Abstract
Low activity of serum alkaline phosphatase (ALP) is a hallmark of hypophosphatasia (HPP), but low readings of ALP are not always recognized in clinical routine. Understanding the clinical presentations associated with low ALP may contribute to a timelier diagnosis of HPP. Data from paediatric patients with low ALP, excluding patients in intensive care and with oncological/haematological disorders, were analysed. Most recent ALP values, previous diagnoses, medication and relevant symptoms were extracted from patient records at nine specialised centres and analysed descriptively. A relationship between body height and ALP values was scrutinised by linear regression. Of 370 children, 15 (4.1%) had a diagnosis of HPP. In the subgroup without a diagnosis of HPP, 241 (67.9%) out of 355 patients had one or more medical conditions known to be associated with low serum ALP. Of those, hypothyroidism, malnutrition and steroid administration were most frequent. Characteristic symptoms, particularly, short stature, muscle weakness and delay of motor development were more frequent and ALP values were lower in patients with documented HPP diagnosis compared to patients without diagnosis of HPP (Ø z-scores:-2.52) (interquartile range [IQR]=0.20) vs.-1.96 (IQR=0.87). A weak positive linear relationship between z-scores of ALP and body height was identified (p<0.001). This analysis of paediatric patient records elucidates a wide range of disorders associated with low ALP activity. In case of additional specific symptoms, HPP should always be considered as a differential diagnosis.
Highlights
Alkaline phosphatase (ALP) is a membrane-bound ubiquitous phosphomonoesterase that catalyses the hydrolysis of phosphate monoesters [1,2,3]

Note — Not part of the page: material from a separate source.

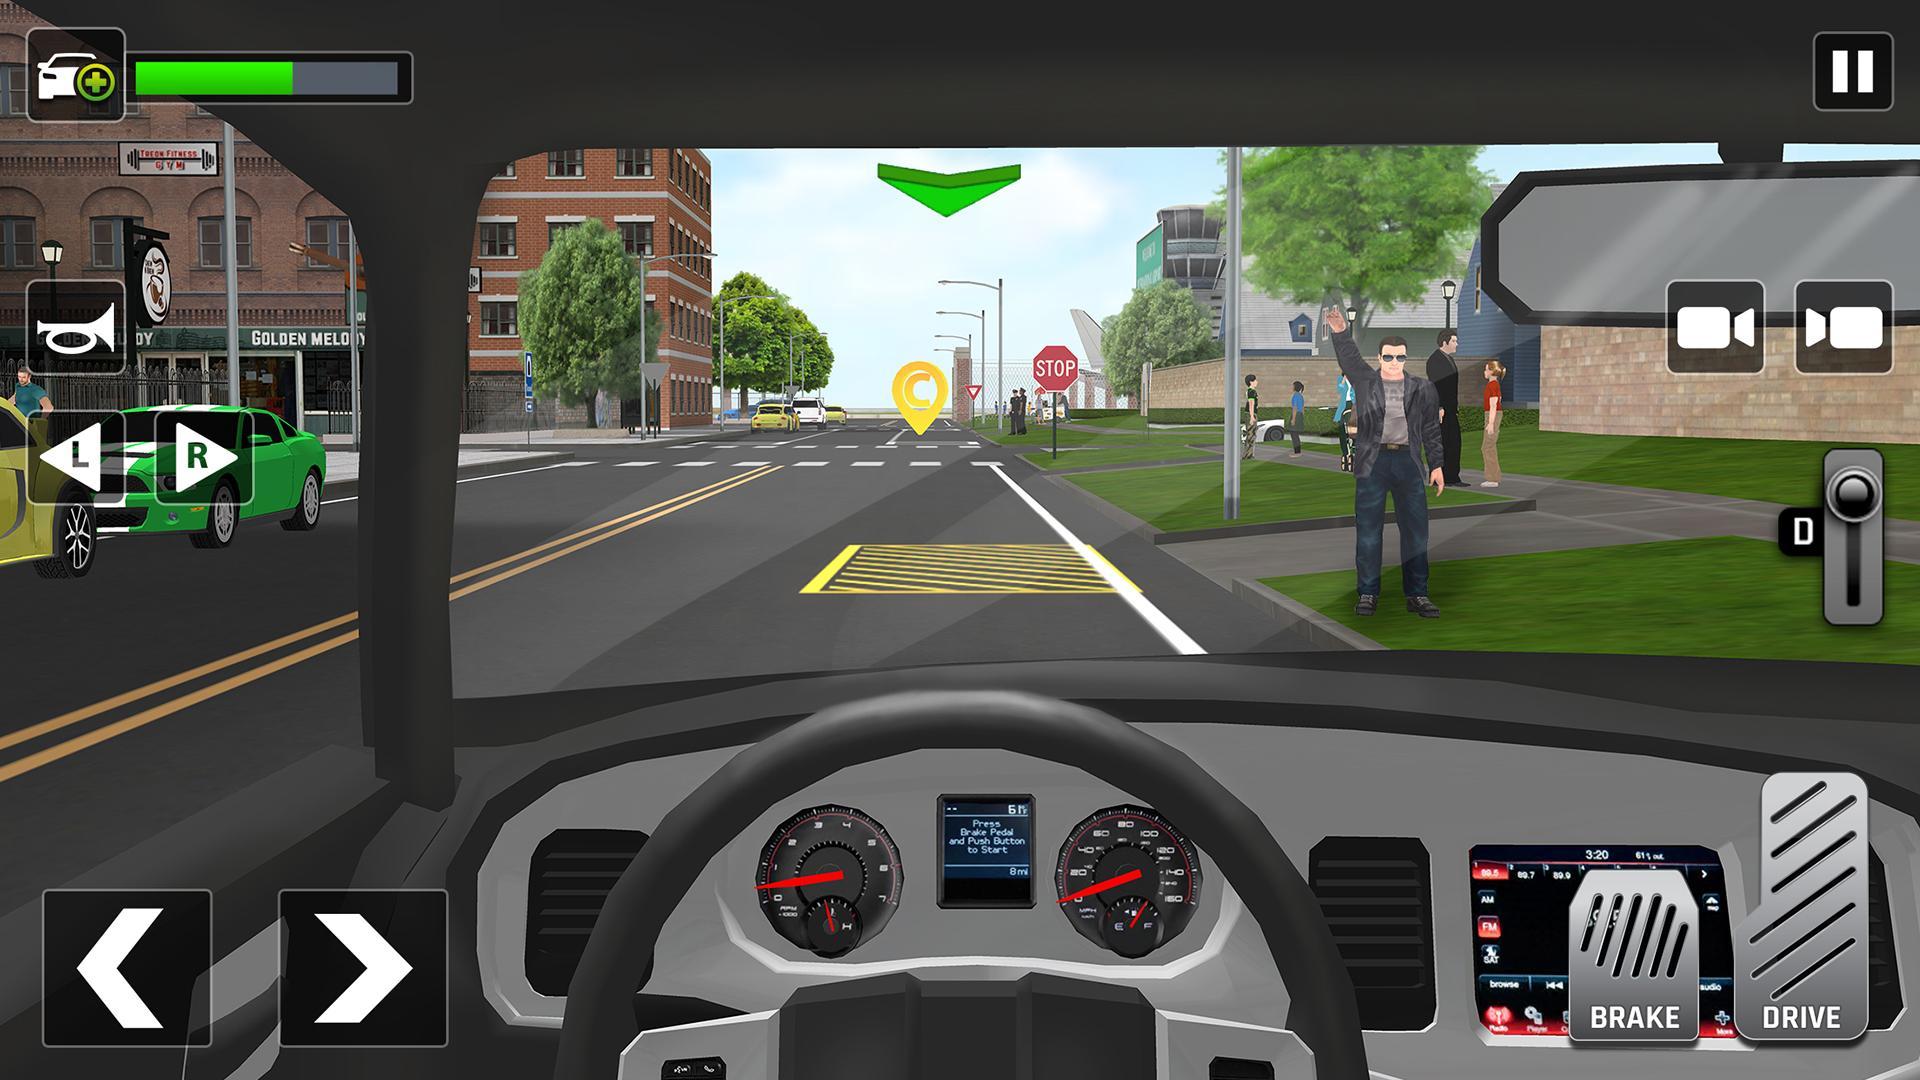 Taxi life a city driving simulator читы. Симулятор вождения City car Driving. City car Driving такси. City Taxi Simulator. Такси симулятор 2020.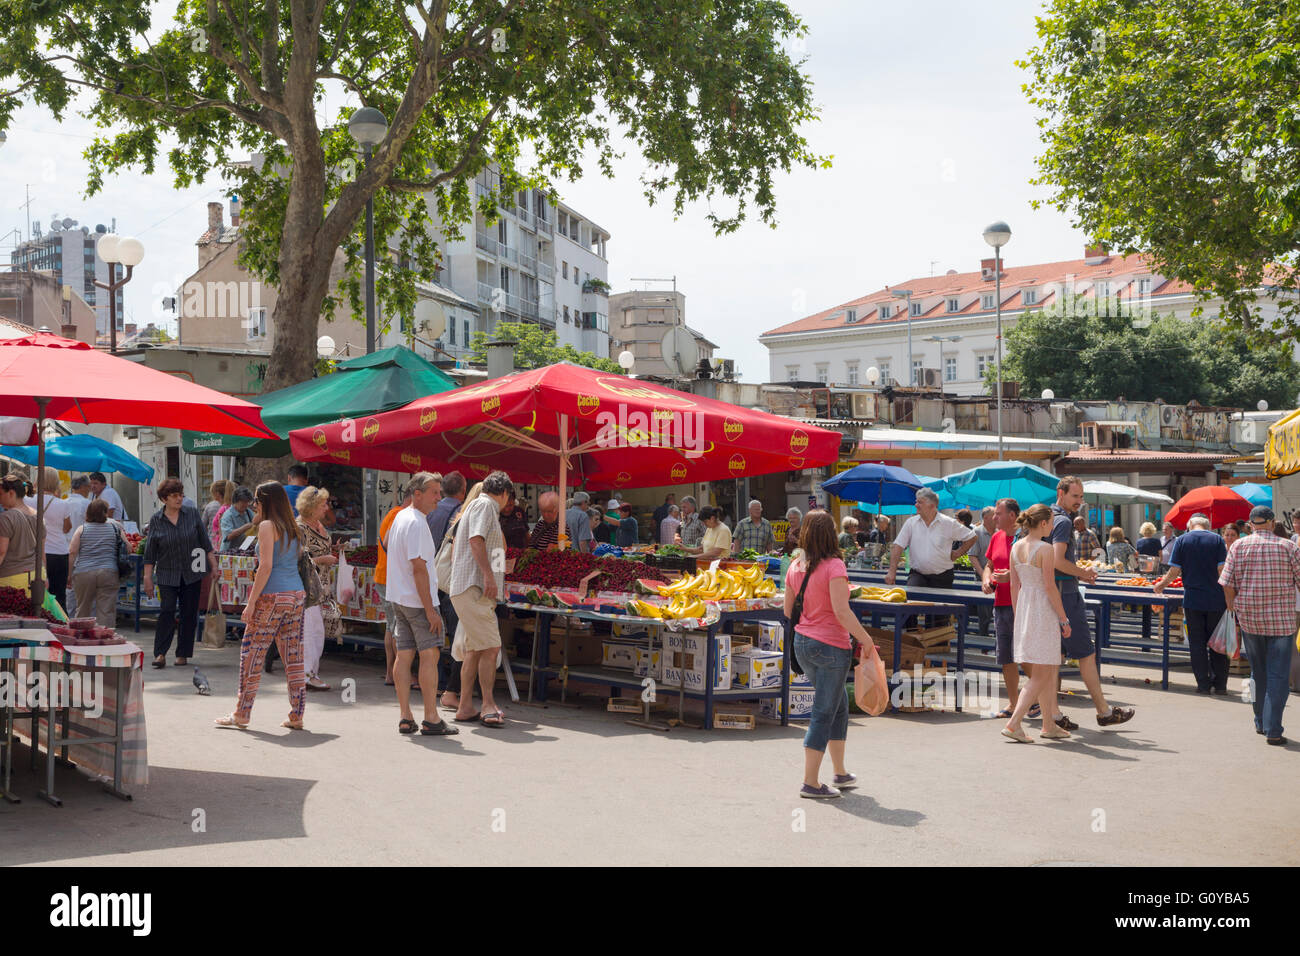 Split, Dalmatien, Kroatien.  Der Pazar oder Marktplatz.  Auch bekannt als der "grüne Markt". Stockfoto

Four isoenzymes of ALP are encoded by separate genes with three tissue-specific – intestinal, placental and germ-cell – isoforms and the ubiquitously expressed tissue-non-specific alkaline phosphatase (TNSALP) [1, 4]
Twelve medical conditions associated with low ALP activity other than HPP were identified, whereby only 15 out of the 370 records included in the analysis had a documented diagnosis of HPP
Summary
Alkaline phosphatase (ALP) is a membrane-bound ubiquitous phosphomonoesterase that catalyses the hydrolysis of phosphate monoesters [1,2,3]. Four isoenzymes of ALP are encoded by separate genes with three tissue-specific – intestinal, placental and germ-cell – isoforms and the ubiquitously expressed tissue-non-specific alkaline phosphatase (TNSALP) [1, 4]. TNSALP is most abundant in the bone, liver, kidney and deciduous teeth and accounts for about 95% of the total ALP activity in the serum [1, 5]. Unlike elevated serum levels of ALP being an established marker of multiple pathologic conditions, low serum ALP activity is less frequently encountered in clinical practice and is not always recognised. Low ALP readings may be overlooked and potentially lead to a diagnostic delay in patients with hypophosphatasia (HPP), adding to the burden of the disease [11,12,13]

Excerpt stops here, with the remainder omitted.